Plasmids and copyDNA samples

Real-life gene doping blood samples will consist of a mixture of a high percentage of gDNA (>99%) and a low percentage of copyDNA (<1%) from the doping gene in the form of copyDNA in either plasmids or viruses. We imitated this composition by mixing commercially available plasmids containing the copyDNA sequence of potential doping genes and high molecular gDNA (>60 kilobases (kb)) from a pool of donors. For quantification purposes, a standard nonhuman gene-coding plasmid, pEGFP-N1 (EGFP), was chosen.

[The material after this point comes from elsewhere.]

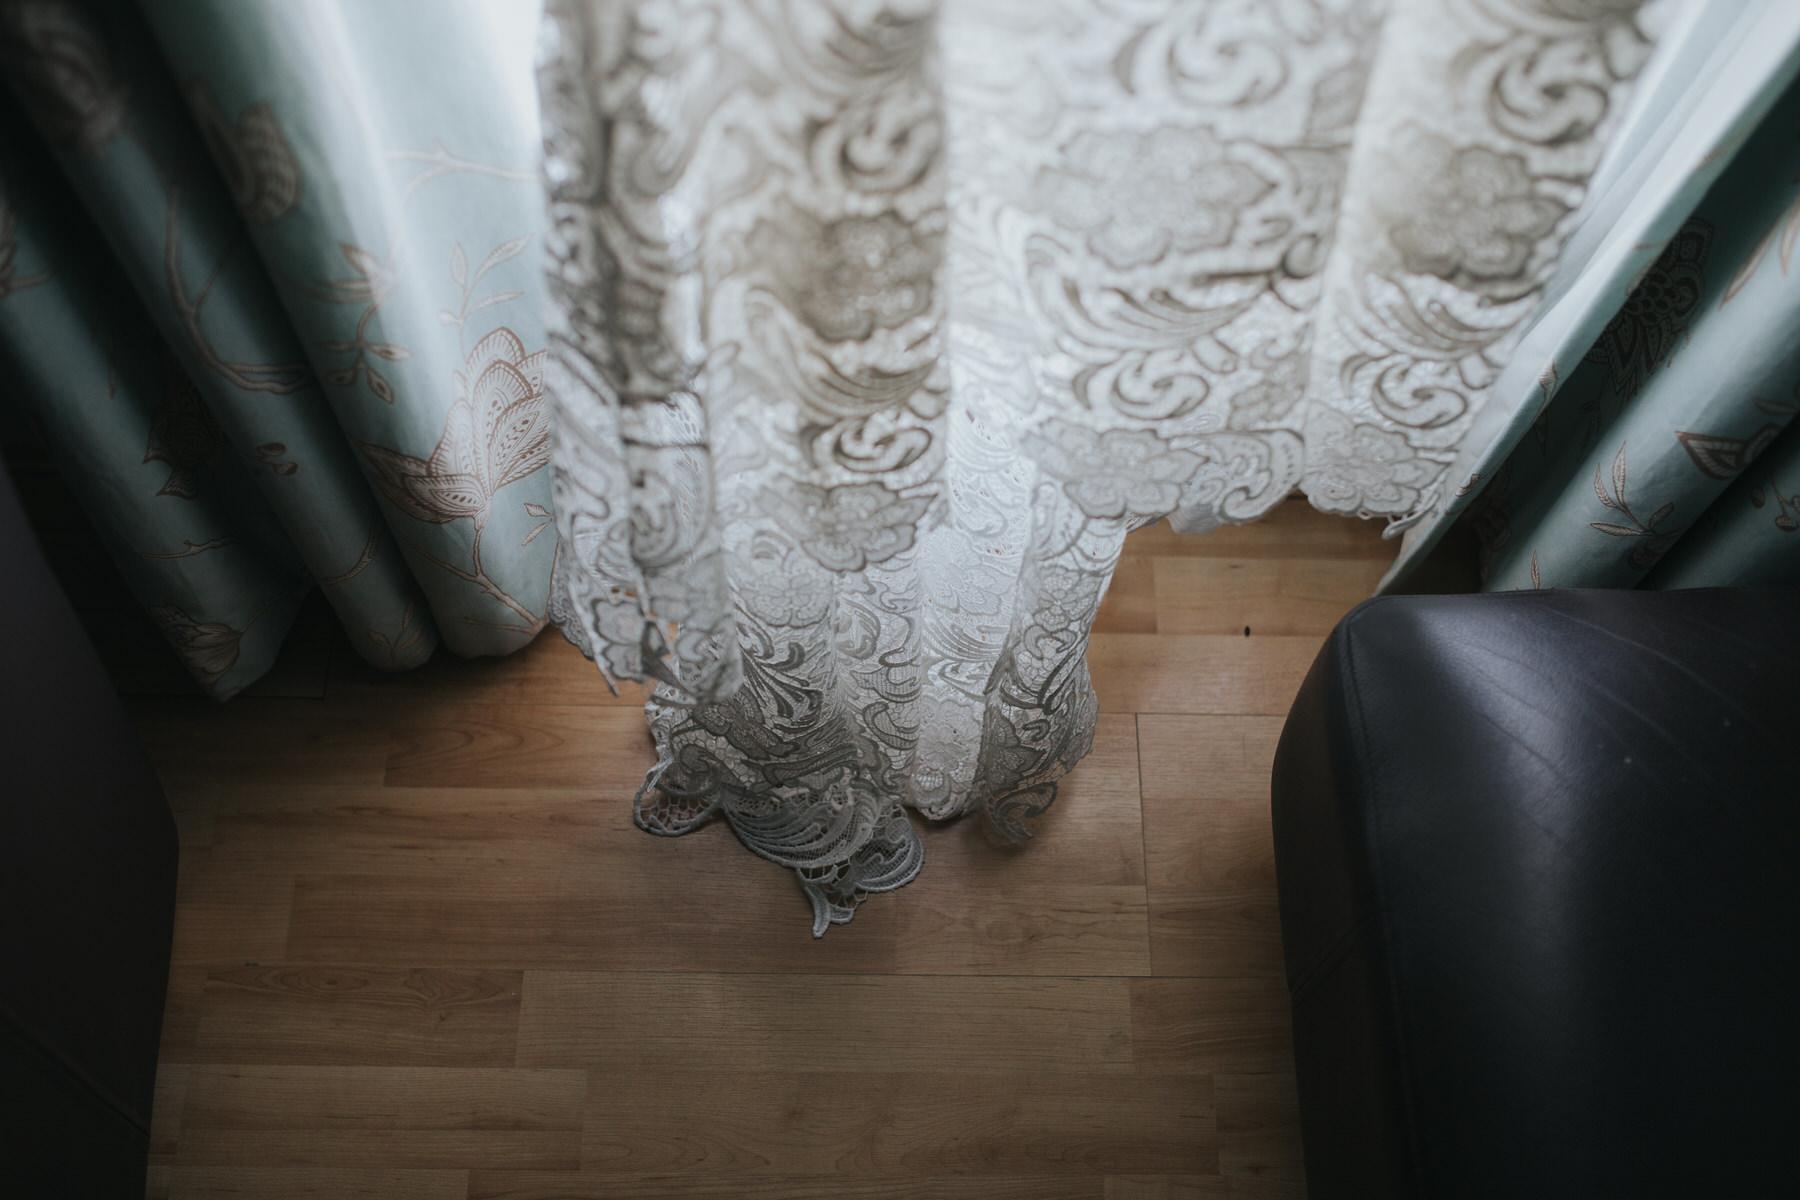 198 wedding dress lace detail Portmeirion.jpg

The plasmids pcDNA3.1+/C-(K)DYK-EPO, pcDNA3.1+/C-(K)DYK-GH1, pcDNA3.1+/C-(K)DYK-GH2, pcDNA3.1+/C-(K)DYK-IGF1 and pcDNA3.1+/C-(K)DYK-IGF2 [Genescript, Piscataway Township, NJ, USA] encoding erythropoietin (EPO), growth hormone 1 (GH1), growth hormone 2 (GH2), insulin like growth factor 1 (IGH1) and insulin like growth factor 2 (IGH2) were used for validation of the method (Supplementary information 1).

Dilution series

CopyDNA concentrations were measured using the Qubit dsDNA HS Assay [Thermo Fisher Scientific, Waltham, MA, USA]. gDNA concentration was measured using spectrophotometry [Nanodrop, Thermo Fisher Scientific]. CopyDNA and gDNA were mixed at equimolar ratios assuming a gDNA molecular weight equivalent to 80 kb. To determine the sensitivity and specificity of our method, we prepared dilutions containing one or multiple gene doping copyDNA samples: 1: 1% EPO, 1% EGFP, 98% gDNA; 2: 0.1% EPO, 1% EGFP, 98.9% gDNA; 3: 0.01% EPO, 1% EGFP, 98.99% gDNA; 4: 1% GH1, 1% EGFP, 98% gDNA; 5: 0.1% GH1, 1% EGFP, 98.9% gDNA; 6: 0.01% GH1, 1% EGFP, 98.99% gDNA; 7: 0.1% all doping genes (0.1% EPO, 0.1% GH1, 0.1% GH2, 0.1% IGF1, 0.1% IGF2, 1% EGFP, 98.5% gDNA) and 8: 0.01% all doping genes (0.01% EPO, 0.01% GH1, 0.01% GH2, 0.01% IGF1, 0.01% IGF2, 1% EGFP, 98.95% gDNA). A total of 2.6 µg DNA per sample was mixed in 130 µl Tris-EDTA.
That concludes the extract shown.